简体   繁体   English

R parLapply不平行

[英]R parLapply not parallel

I'm currently developing an R package that will be using parallel computing to solve some tasks, through means of the "parallel" package. 我正在开发一个R包,它将使用并行计算来解决一些任务,通过“并行”包。

I'm getting some really awkward behavior when utilizing clusters defined inside functions of my package, where the parLapply function assigns a job to a worker and waits for it to finish to assign a job to next worker. 当我使用在我的包的函数内定义的集群时,我会遇到一些非常尴尬的行为,其中parLapply函数将一个作业分配给一个worker并等待它完成为下一个worker分配一个作业。 Or at least this is what appears to be happening, through the observation of the log file "cluster.log" and the list of running processes in the unix shell. 或者至少通过观察日志文件“cluster.log”和unix shell中正在运行的进程列表,这似乎正在发生。

Below is a mockup version of the original function declared inside my package: 下面是我的包中声明的原始函数的模型版本:

.parSolver <- function( varMatrix, var1 ) {

    no_cores <- detectCores()

    #Rows in varMatrix
    rows <- 1:nrow(varMatrix[,])

    # Split rows in n parts
    n <- no_cores
    parts <- split(rows, cut(rows, n))

    # Initiate cluster
    cl <- makePSOCKcluster(no_cores, methods = FALSE, outfile = "/home/cluster.log")
    clusterEvalQ(cl, library(raster))
    clusterExport(cl, "varMatrix", envir=environment())
    clusterExport(cl, "var1", envir=environment())


    rParts <- parLapply(cl = cl, X = 1:n, fun = function(x){
        part <- rasterize(varMatrix[parts[[x]],], raster(var1), .....)
        print(x)
        return(part)
        })

    do.call(merge, rParts)
}

NOTES: 笔记:

  • I'm using makePSOCKcluster because i want the code to run on windows and unix systems alike although this particular problem is only manifesting itself in a unix system. 我正在使用makePSOCKcluster,因为我希望代码能够在Windows和unix系统上运行,尽管这个特殊问题只能在unix系统中体现出来。
  • Functions rasterize and raster are defined in library(raster), exported to the cluster. 函数栅格化和栅格在库(栅格)中定义,导出到集群。
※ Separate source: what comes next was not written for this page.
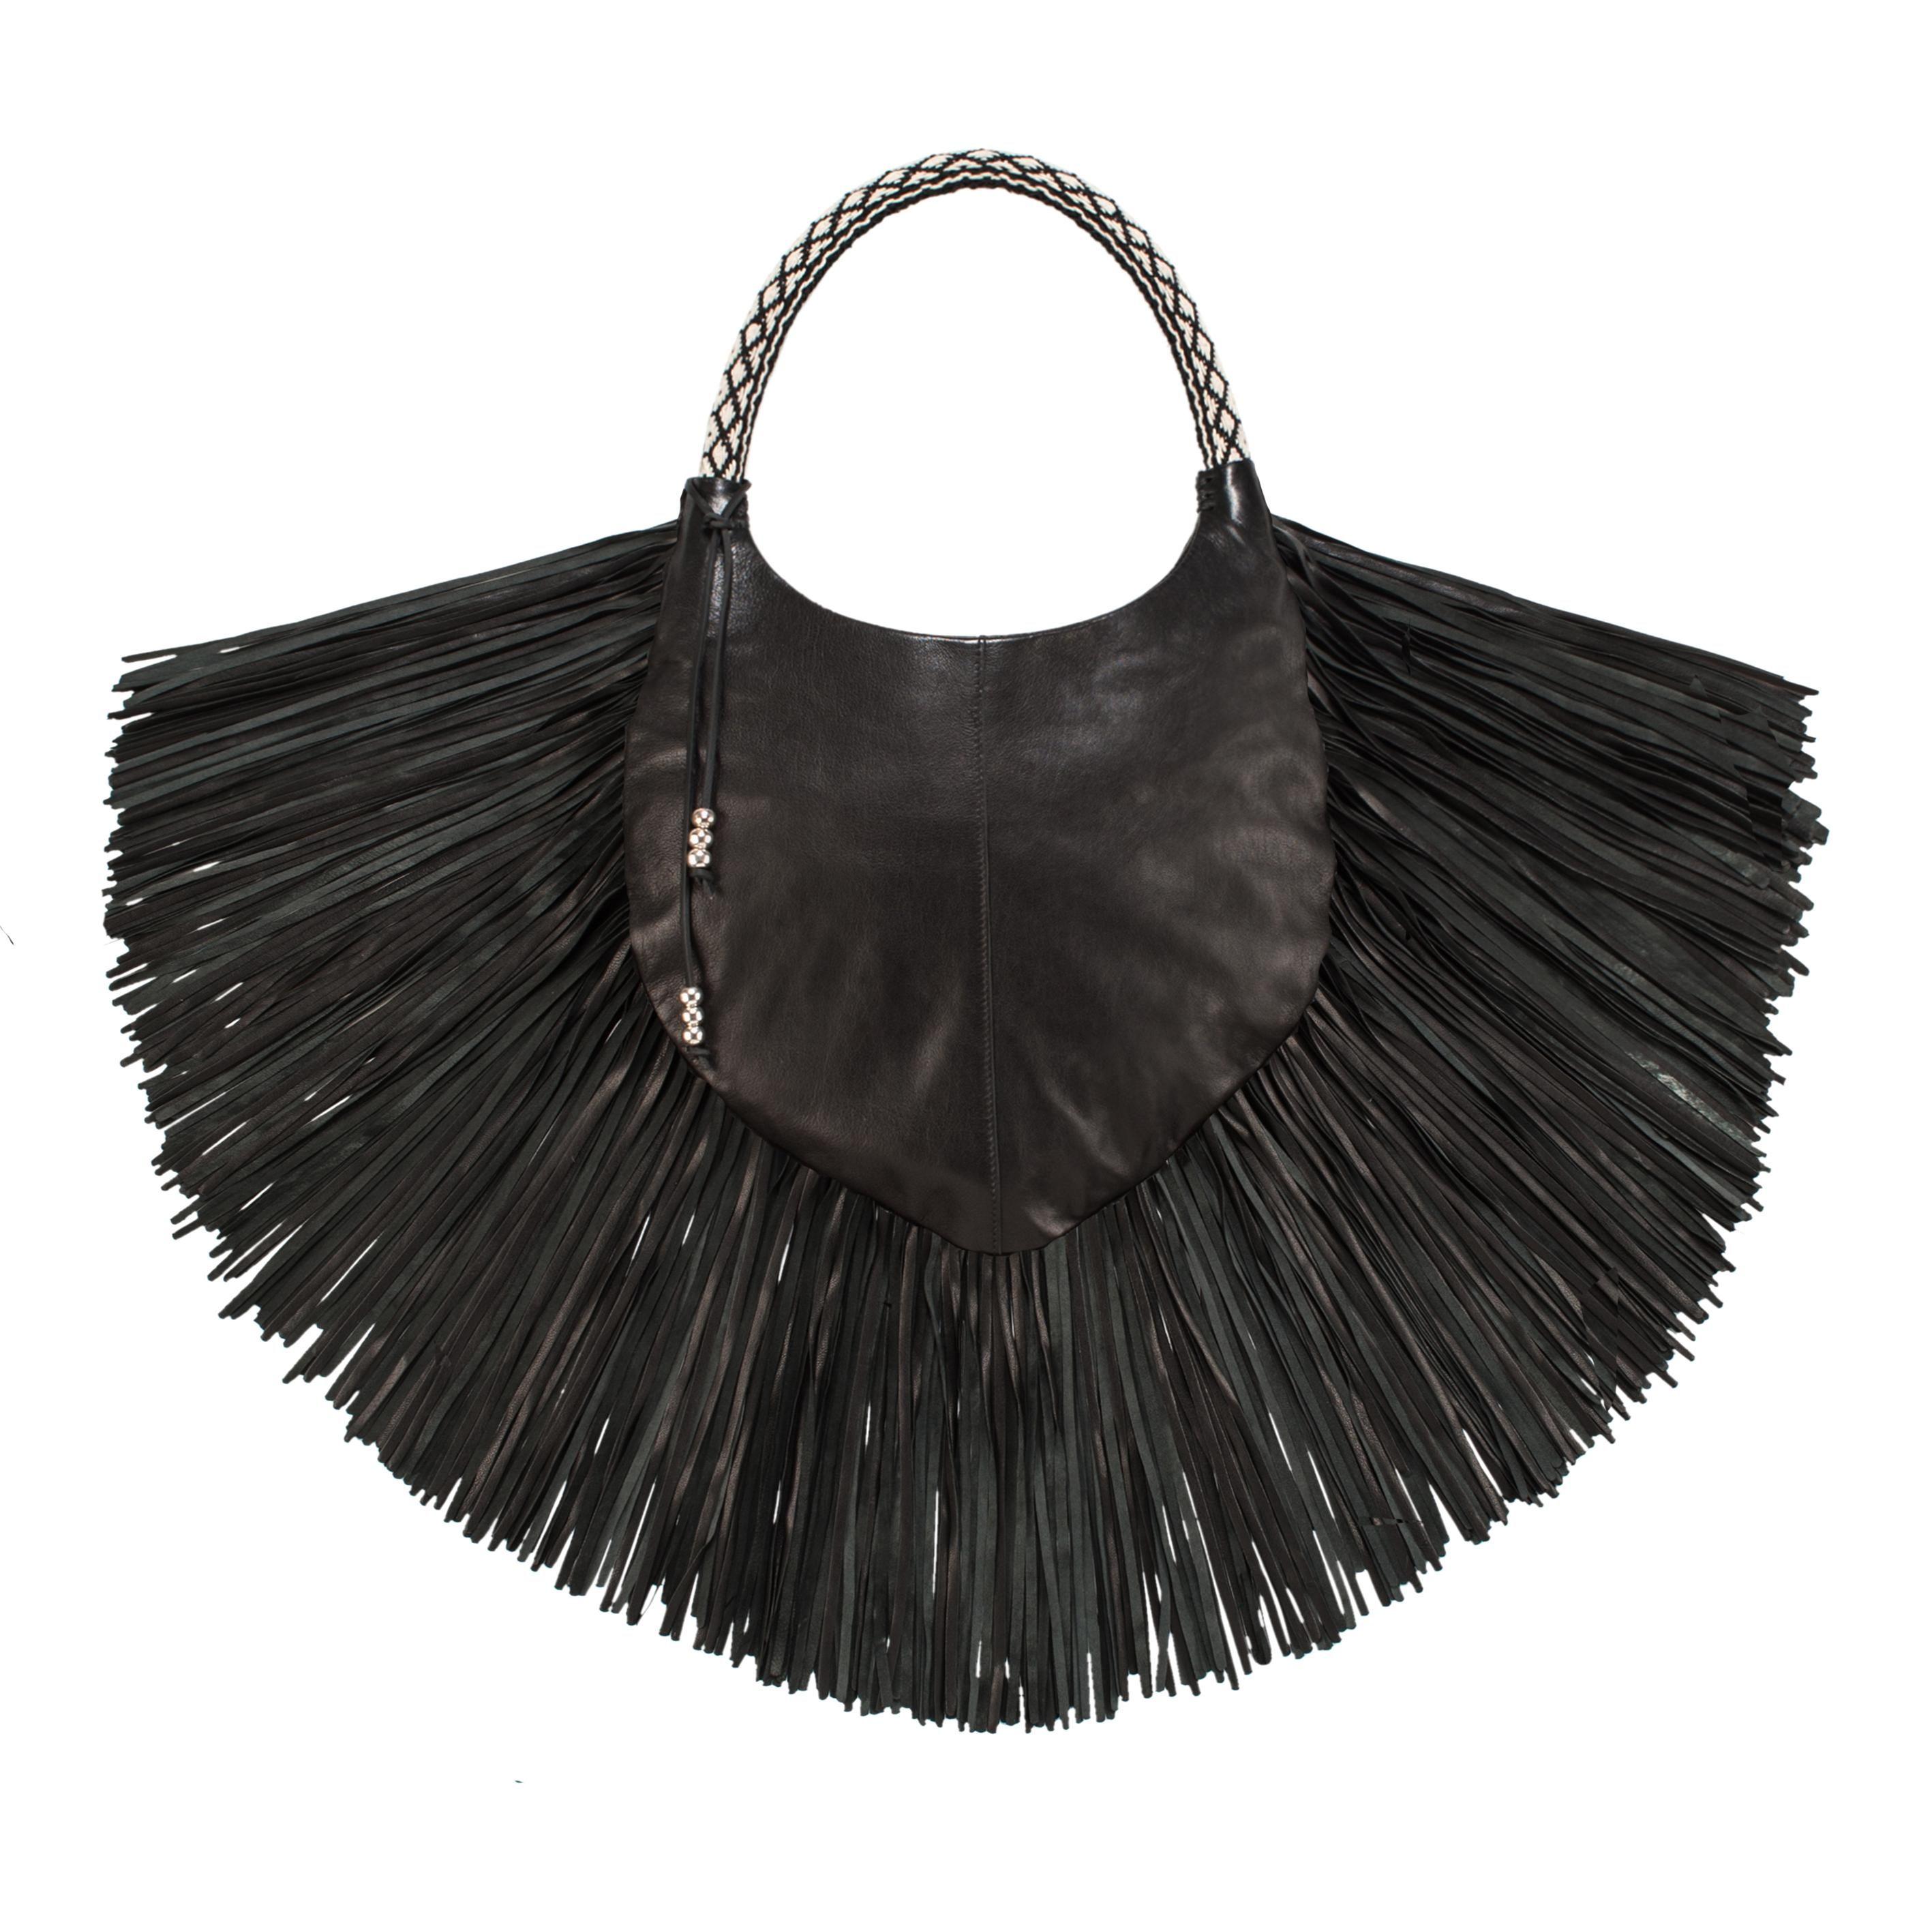 Tribal Fringe Bag on AHAlife, Barbara Bonner, $1,088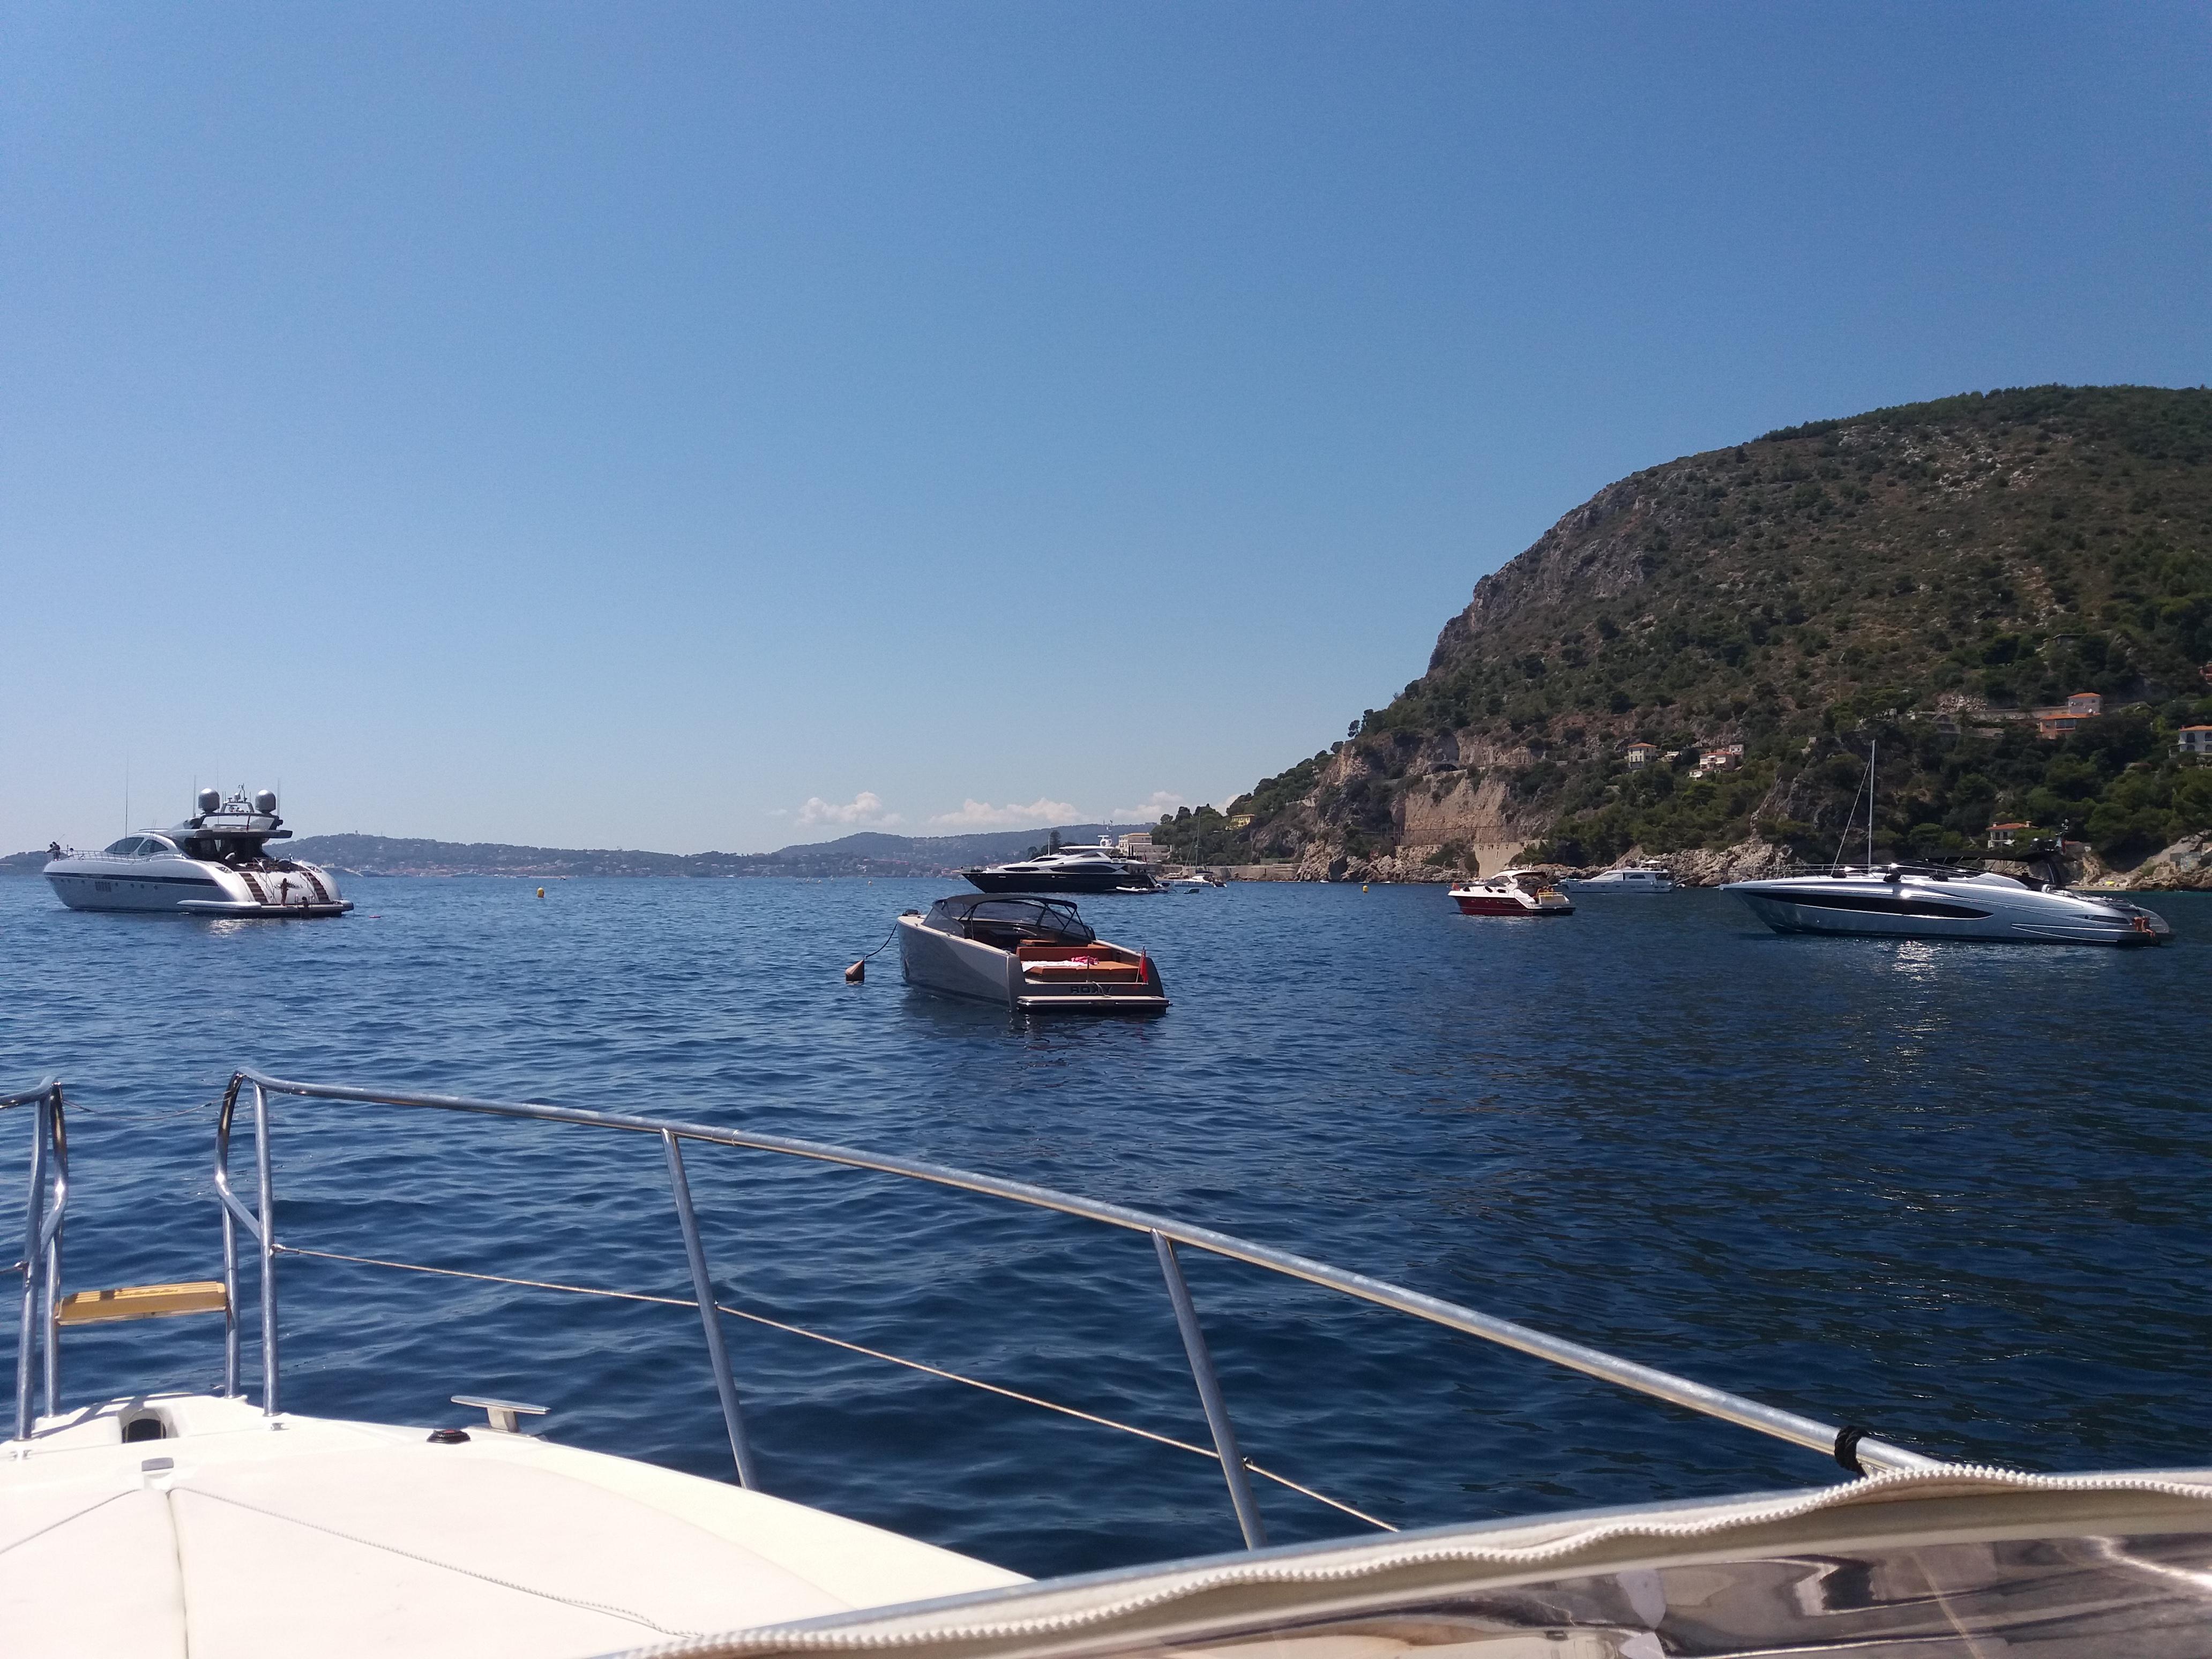 Riviera_Yacht_Charter_Costa_Azzurra_Cap_D'Ail_3

The weird part to me is if I execute the exact same code of the function parSolver in a global environment every thing works smoothly, all workers take one job at the same time and the task completes in no time. 对我来说,奇怪的部分是如果我在全局环境中执行完全相同的函数parSolver的代码,每个事情都能顺利进行,所有工作人员同时完成一项工作,任务就很快完成。 However if I do something like: 但是,如果我这样做:

library(myPackage)

varMatrix <- (...)
var1 <- (...)
result <- parSolver(varMatrix, var1)

the described problem appears. 出现所描述的问题。

It appears to be a load balancing problem however that does not explain why it works ok in one situation and not in the other. 它似乎是一个负载平衡问题,然而这并不能解释为什么它在一种情况下工作正常而在另一种情况下不工作。

Am I missing something here? 我在这里错过了什么吗? Thanks in advance. 提前致谢。

I don't think parLapply is running sequentially. 我不认为parLapply按顺序运行。 More likely, it's just running inefficiently, making it appear to run sequentially. 更有可能的是,它只是运行效率低下,使其看起来按顺序运行。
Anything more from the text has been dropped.